Es raro que las muertes supongan un castigo demasiado severo y, desde luego, nunca se tiene la impresión de que el juego está siendo más cruel de la cuenta con nosotros. Las hogueras (farolillos en este caso), aunque escasas, están situadas en encrucijadas de caminos y atajos que desbloqueamos después de terminar alguna sección especialmente complicada, y los enemigos muertos dejan caer ítems curativos con cierta generosidad (aunque con un combate basado en el a-pecho-descubierto tened por seguro que los gastaréis todos). Visto que ya Dark Souls II -en opinión de muchos- rebajaba su nivel de dificultad y Bloodborne -en opinión de este crítico- se mantiene más o menos en el mismo igual sin que esto le haga perder un ápice de lo que hace atractiva la fórmula Souls, podemos proponer dos teorías: o a) la dificultad en los juegos de From Software nunca ha sido el Himalaya que nos ha vendido el marketing o b) la dificultad extrema no era un elemento sine qua non para el funcionamiento de la receta. Mirado con la perspectiva que dan ya cuatro juegos, lo más probable es que ambas afirmaciones sean ciertas al mismo tiempo.
La moneda de cambio en el mundo de Bloodborne ya no son las etéreas almas de los otros juegos, sino la sangre que palpita en el interior de las bestias que damos caza y que, en un genial recordatorio visual de su importancia, va empapando poco a poco nuestro atuendo.
Dark Souls nos hablaba de un mundo de dioses con pasiones y deseos muy humanos, aunque, en cierta manera, desapegados del mundo de los hombres. Eran puras voluntades de vivir, luchando por mantener ad eternum un ciclo infinito de muerte y resurrección vacío, absurdo y sin objetivo. Era un relato de decadencia sobre la gran broma que supone nuestra mera existencia en el cosmos. Con las cosas así planteadas, no puede pillarnos por sorpresa que una de las posibles evoluciones de la serie la llevara a abrazar con fuerza las constantes del horror cósmico, una referencia que siempre sobrevoló en los juegos anteriores, pero que en esta ocasión juega un papel tan central que se hace difícil hablar solo de guiños, homenajes o influencias.
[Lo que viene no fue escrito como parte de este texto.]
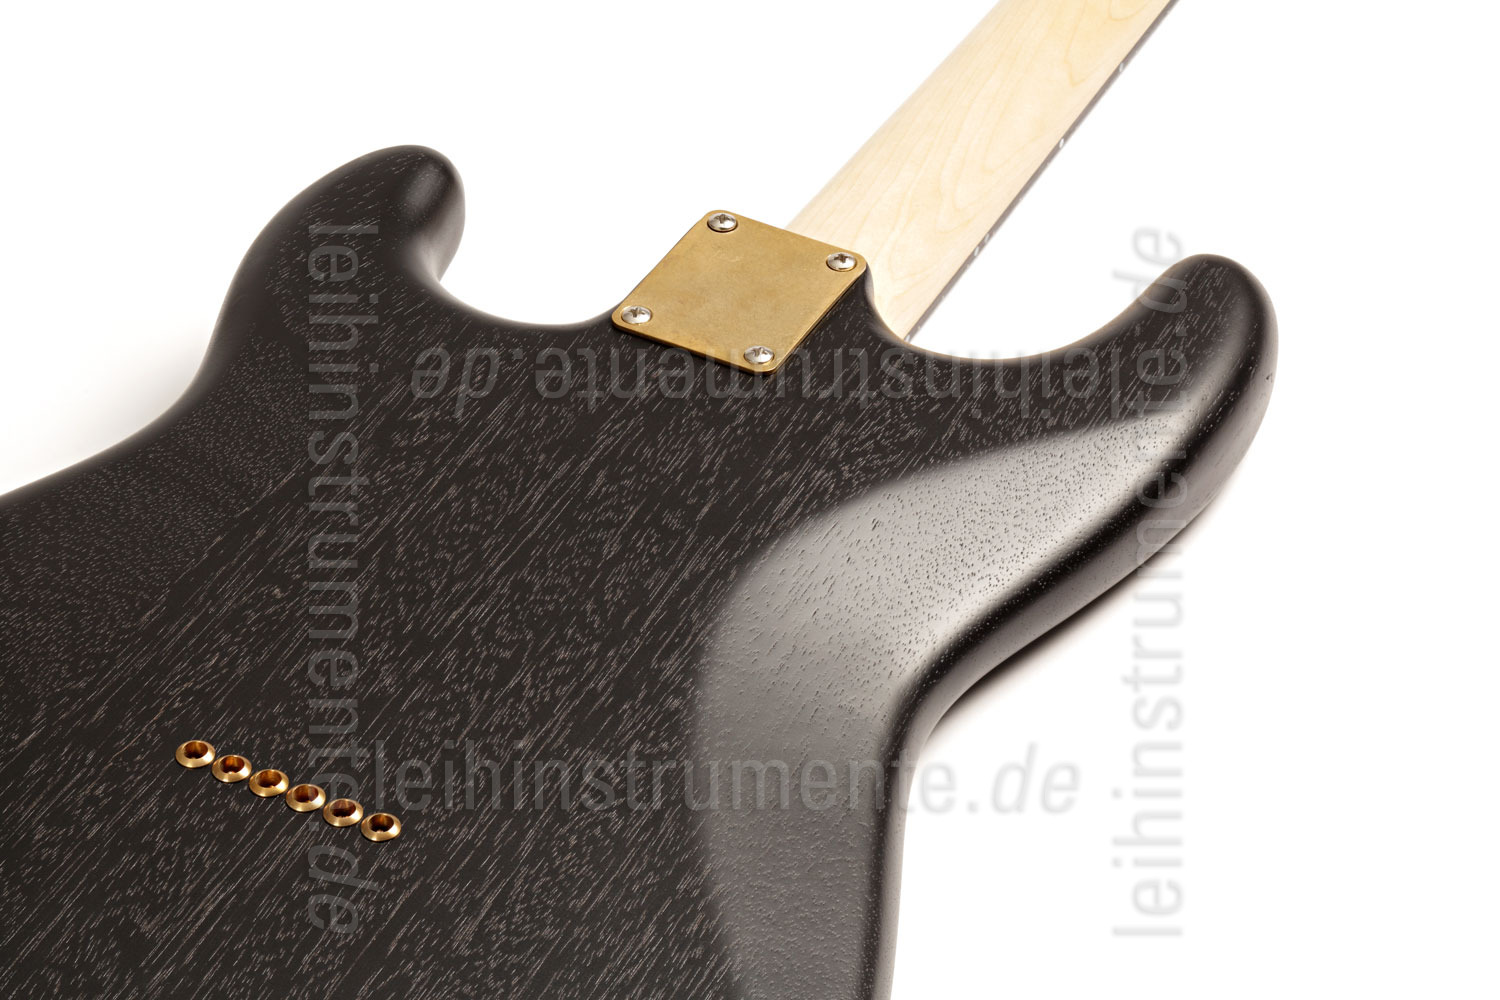 to article description / price Electric Guitar BERSTECHER Deluxe Vintage (Hot B) - Black / Floral Brown + hard case - made in Germany

Bloodborne se trata de una nueva entrada dentro de la mitología lovecraftiana, hasta el punto que nuestro avatar bien podría tratarse de un Randolph Carter soñando una versión decimonónica de Posesión Infernal.
Es posible que este sea el motivo por el que la magia aparece con cuentagotas en Bloodborne. Se acabaron los espectros y las almas transmutadas. Los terrores de Bloodborne son puramente físicos, conjuntos de átomos con formas monstruosas e inhumanas, pero biológicas a fin y al cabo. La moneda de cambio en su mundo ya no son las etéreas almas de los otros juegos, sino la sangre que palpita en el interior de las bestias que damos caza y que, en un genial recordatorio visual de su importancia, va empapando poco a poco nuestro atuendo.
Con este giro, From ha conseguido también su juego más terrorífico. Revistas como Edge no han tenido problemas en etiquetar de esta manera a Bloodborne y razón no les falta. Desde luego no se trata de un terror activado a base de sustos, sino de un tipo de asfixia y desazón que se pega al cuerpo como una bruma gris incluso horas después de apagar la consola. Posiblemente también muchos días después de haberlo acabado. Puede que el reto no sea tan elevado como algunos esperaban, pero lo compensa apretándonos el pecho hasta dejarnos sin resuello.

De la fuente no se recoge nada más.